Efficient Moving Horizon State and Parameter Estimation for the Varicol SMB Process

Abstract Abstract In this paper, a moving horizon state and parameter estimation (MHE) scheme for the Varicol process is presented. The Varicol process is an extension of the Simulated Moving Bed (SMB) process that realizes non-integer column distributions over the separation zones by an asynchronous switching of the inlet and outlet ports (the ports are shifted individually). These additional degrees of freedom can be used to yield an improvement in economical performance compared to SMB operation. The proposed estimation scheme is based on a rigorous SMB model that incorporates rigorous chromatographic columns and port switching. The absence of model simplifications allows the extension of the estimation scheme to the more complex Varicol process. The goal of the estimation scheme is to reconstruct the full state of the system, i.e. the concentration profiles along all columns, and to identify critical model parameters in the presence of noisy measurements.

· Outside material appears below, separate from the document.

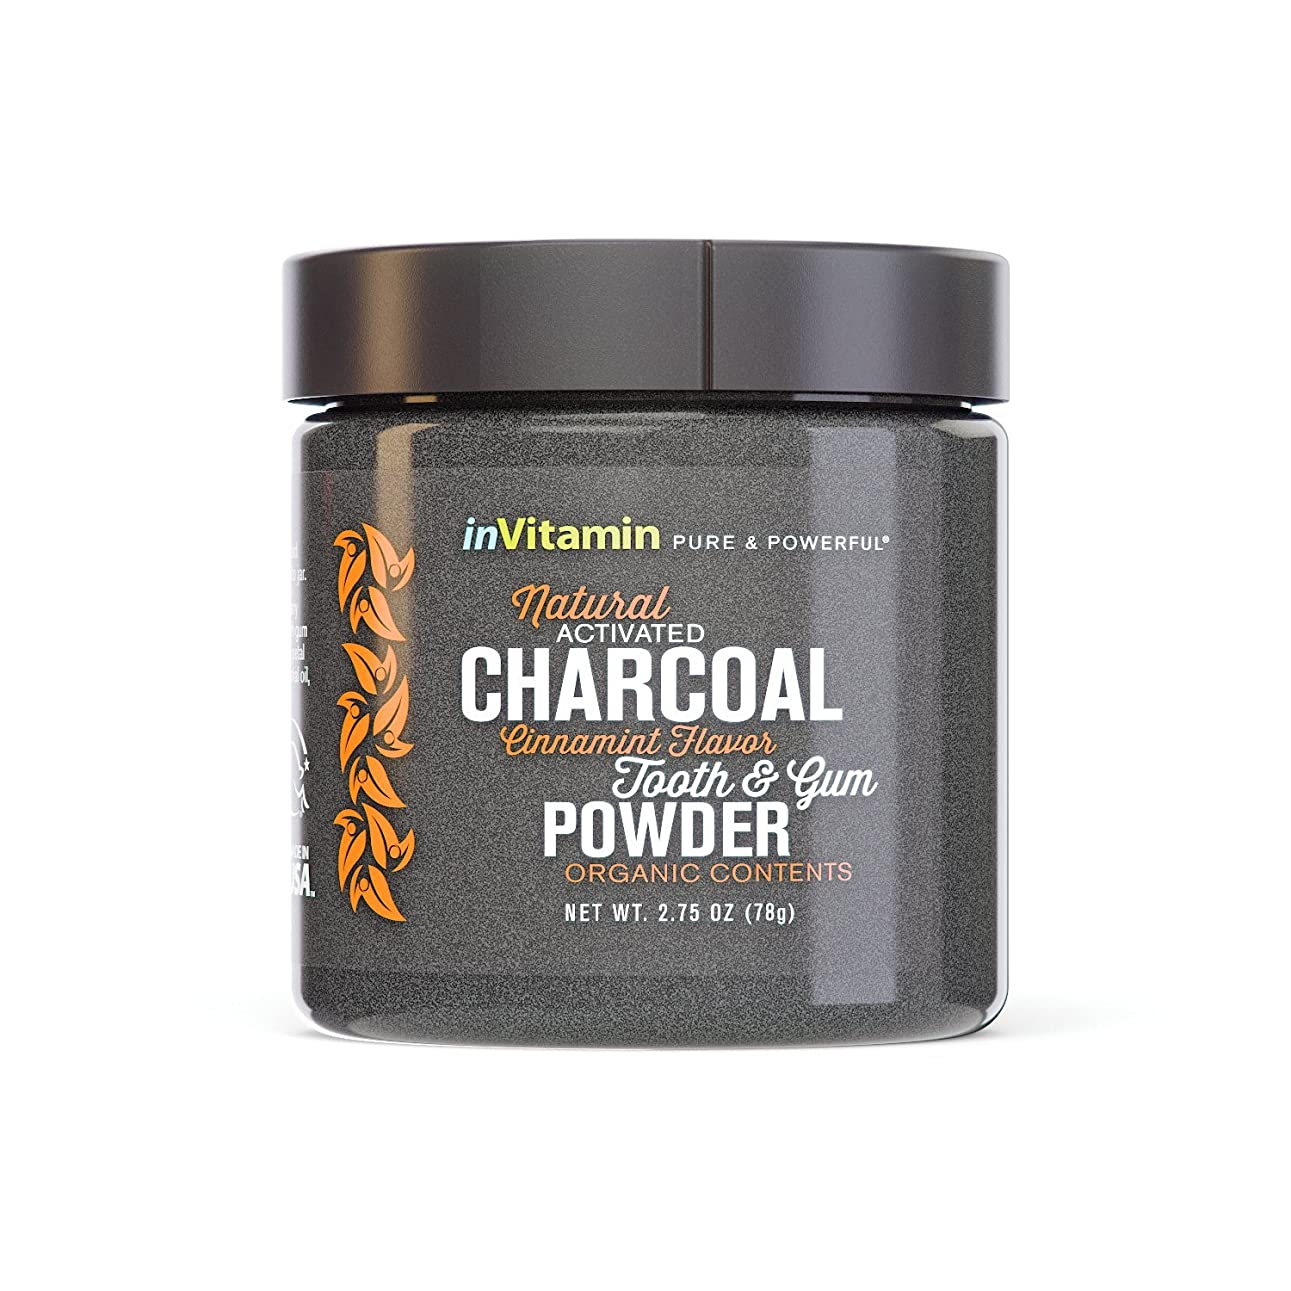 晩ごはんドック荒涼とした歯磨き粉 Natural Tooth & Gum Powder with Activated Charcoal (海外直送)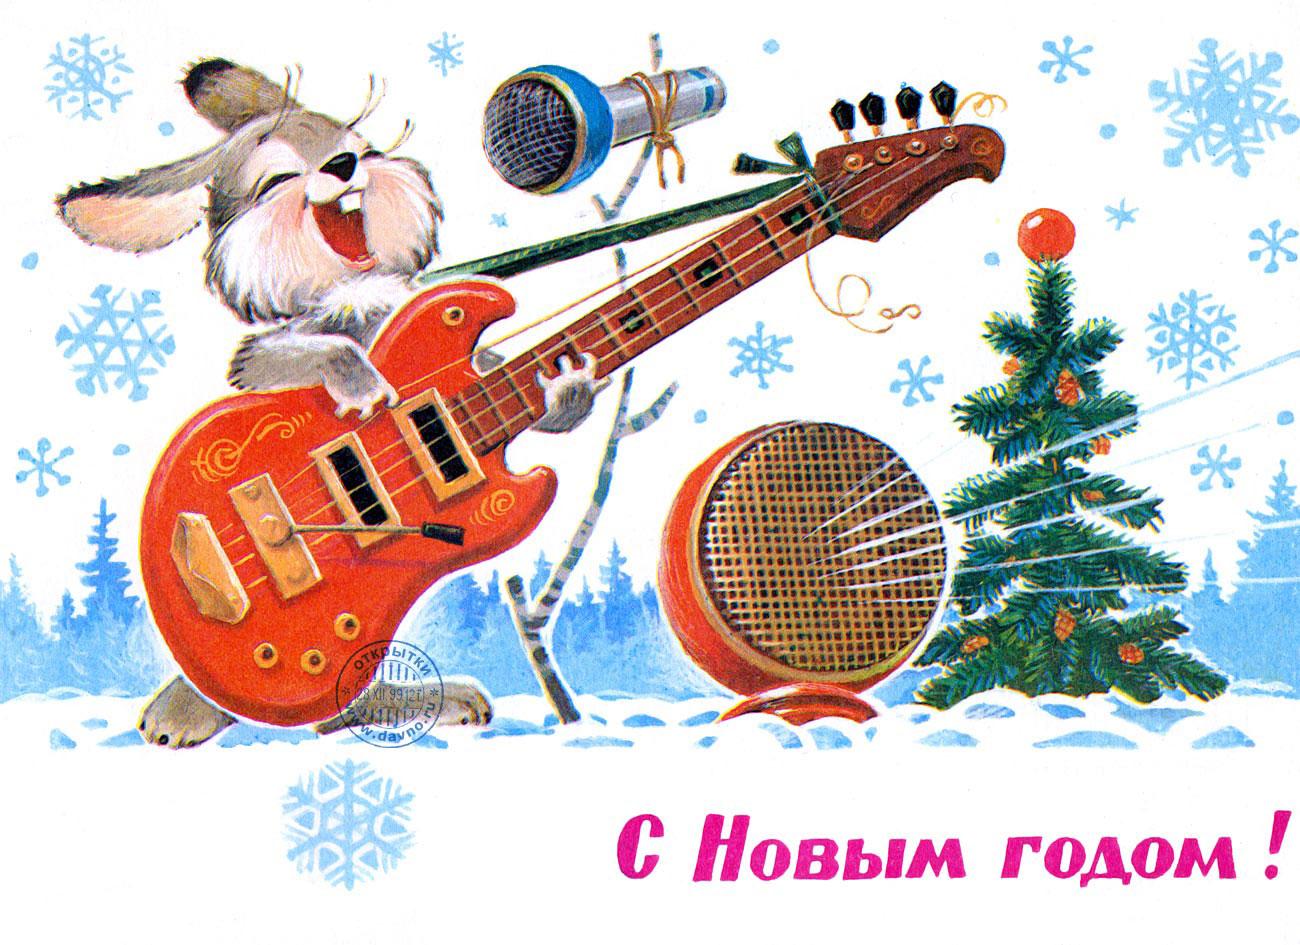 Советские открытки с Новым годом

The estimation is based on measurements of the concentrations of the components at the two outlet ports (which are asynchronously switched from one column to the next) and at one fixed location between two columns. The state estimation scheme utilizes a deterministic model within the prediction horizon. State noise is only considered in the state and in the parameters up to the beginning of the horizon. By applying a multiple-shooting method and a real-time iteration scheme for solving the resulting optimization problem, the computation times are reduced and the scheme can be applied online. A numerical simulation for an enantiomer separation system with nonlinear adsorption isotherm is presented.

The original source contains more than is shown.